#### Action item
Your task is to restate word for word the lines in the material below, from the one with "SilhouetteMural-Jungle1" up to and including the one with "Map of crash site of Lancaster ED825". Do not carry over the pictures.

#### Material for this exercise
━━━━━━━━
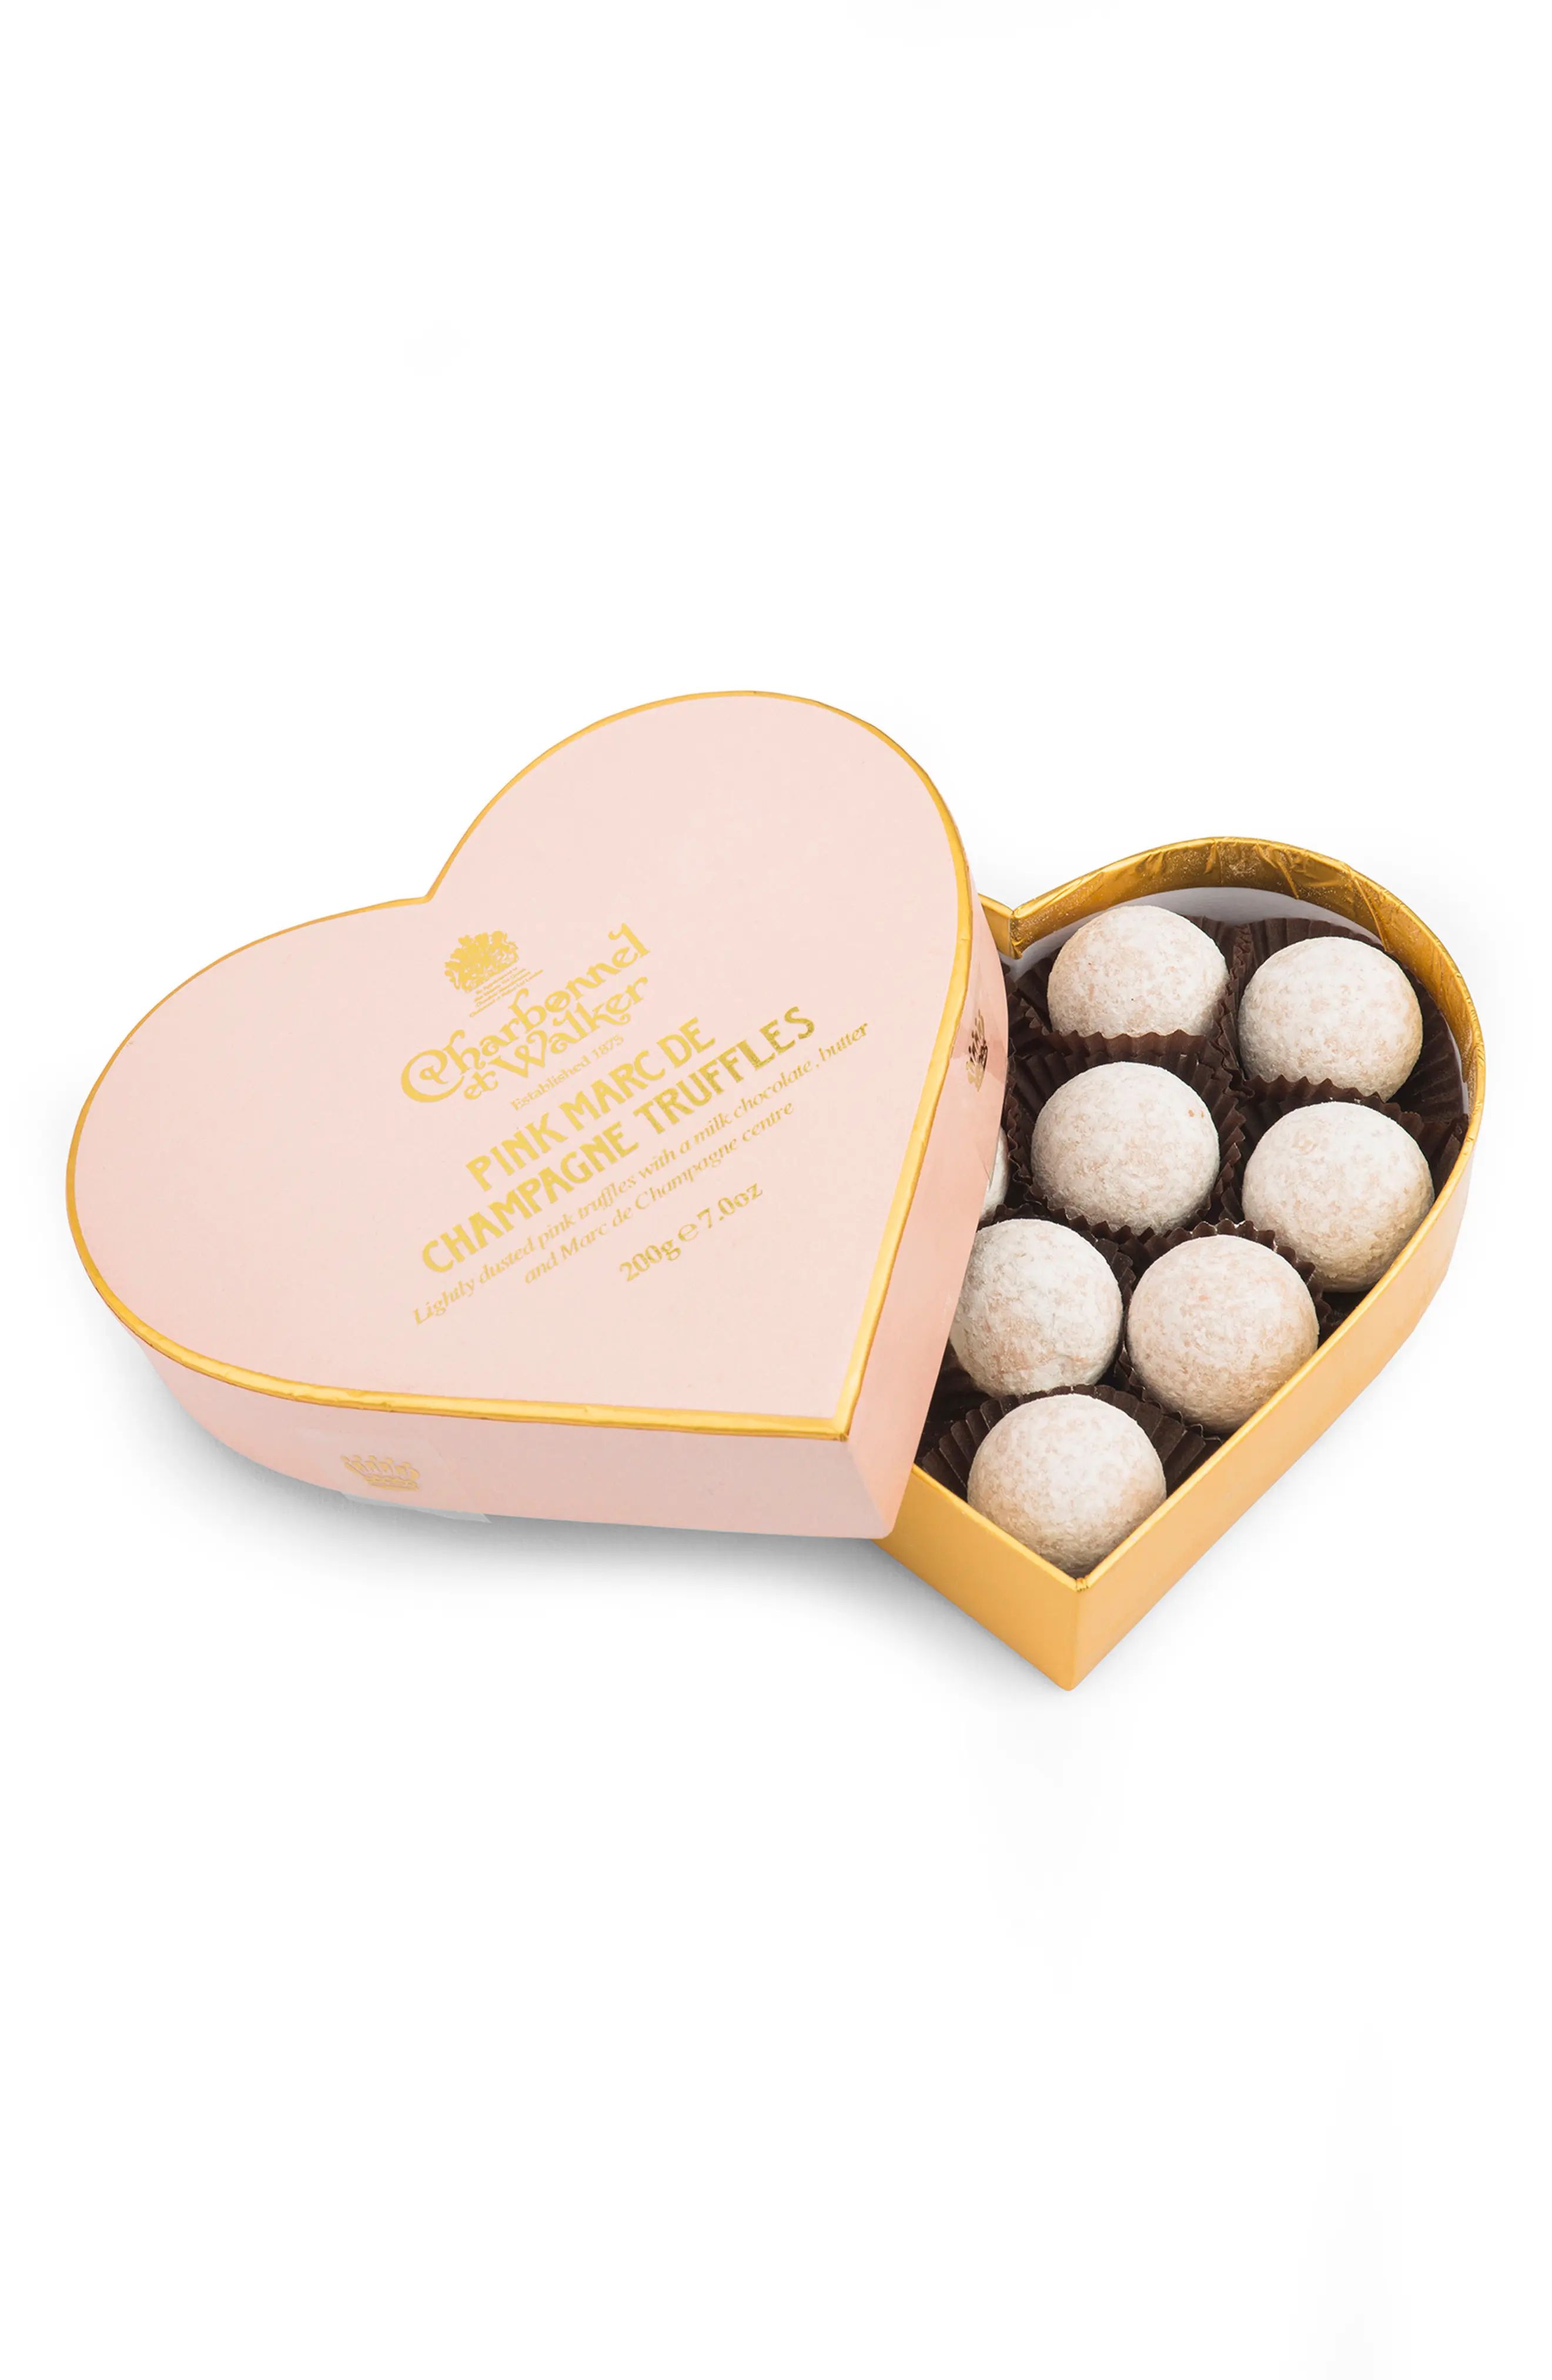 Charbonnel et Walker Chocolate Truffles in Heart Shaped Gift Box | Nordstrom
━━━━━━━━
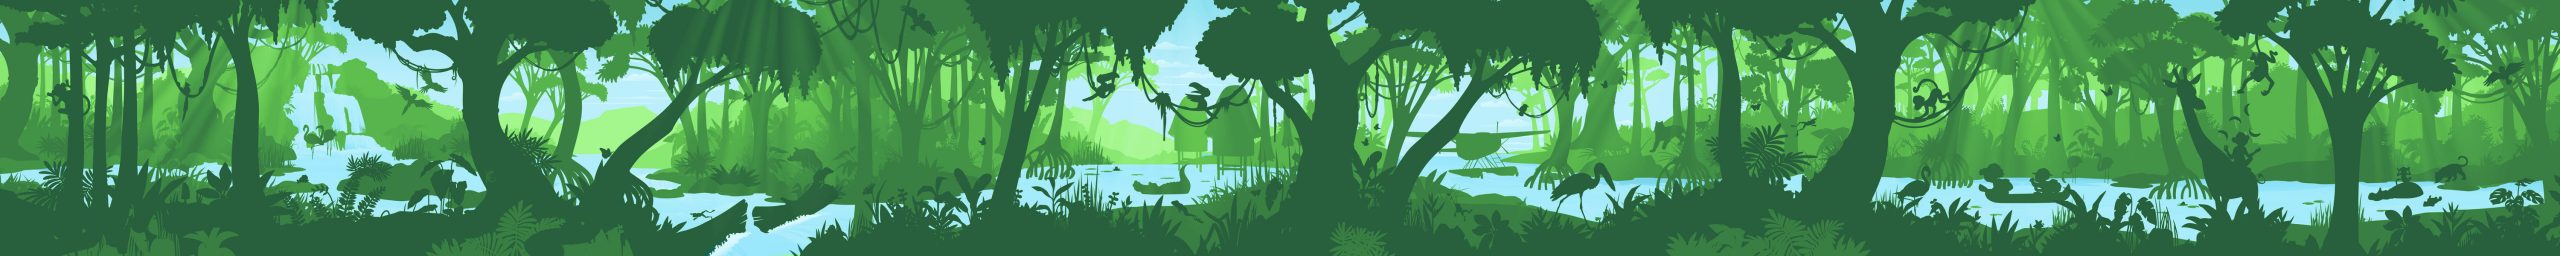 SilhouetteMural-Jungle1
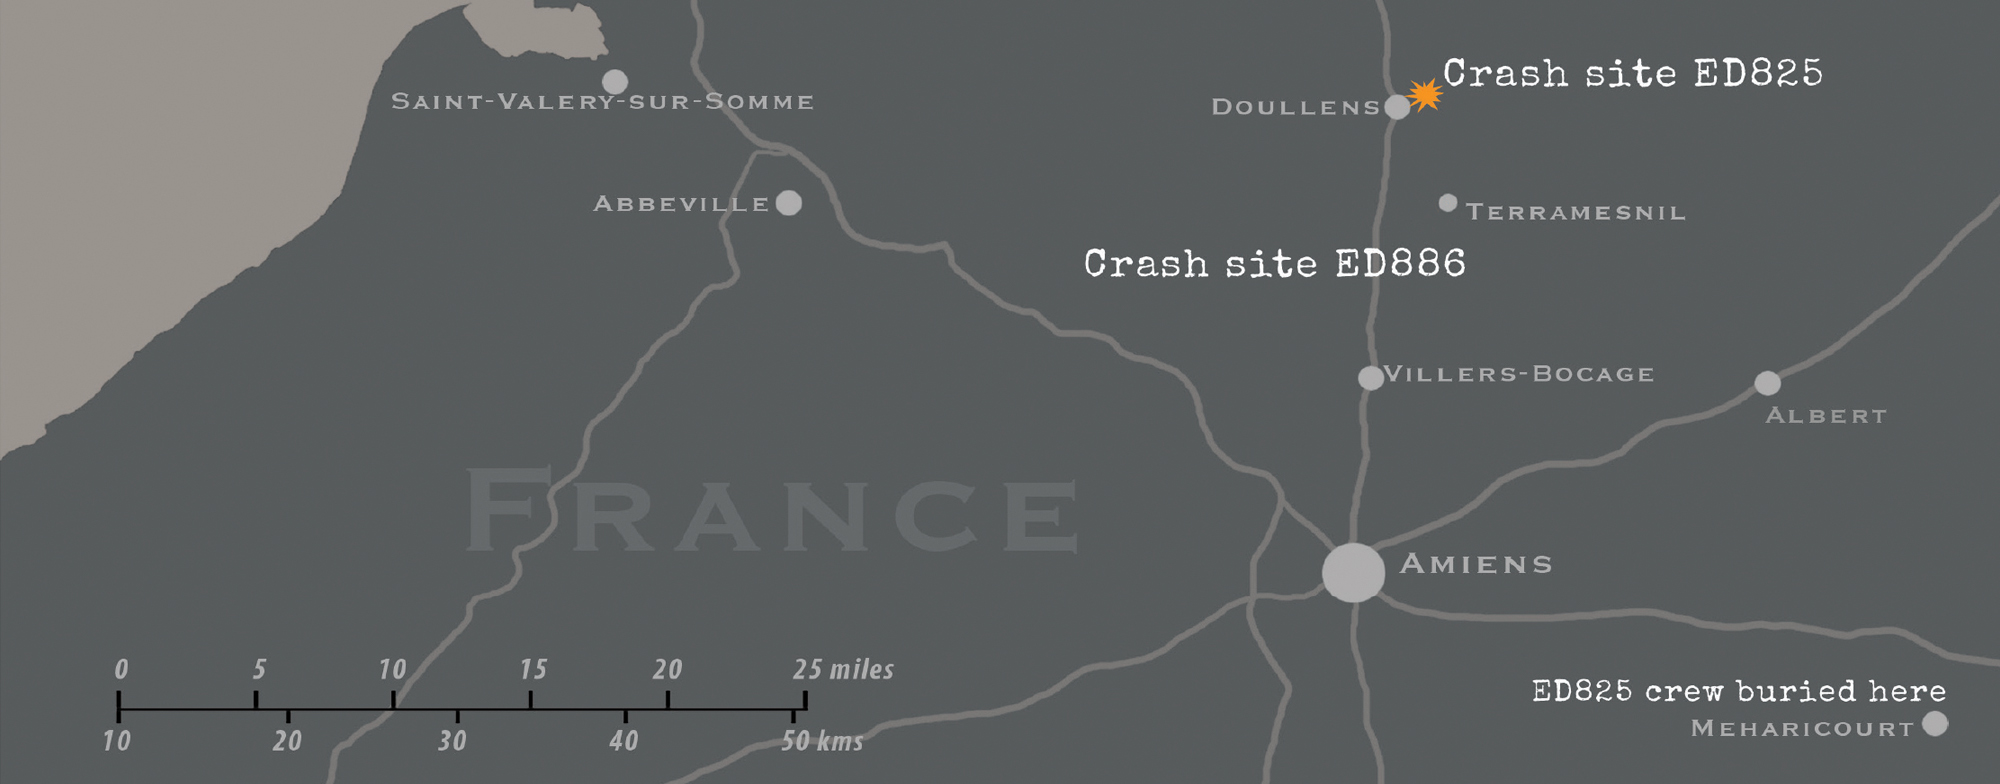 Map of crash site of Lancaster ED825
━━━━━━━━
#### Output for this task
 SilhouetteMural-Jungle1
 Map of crash site of Lancaster ED825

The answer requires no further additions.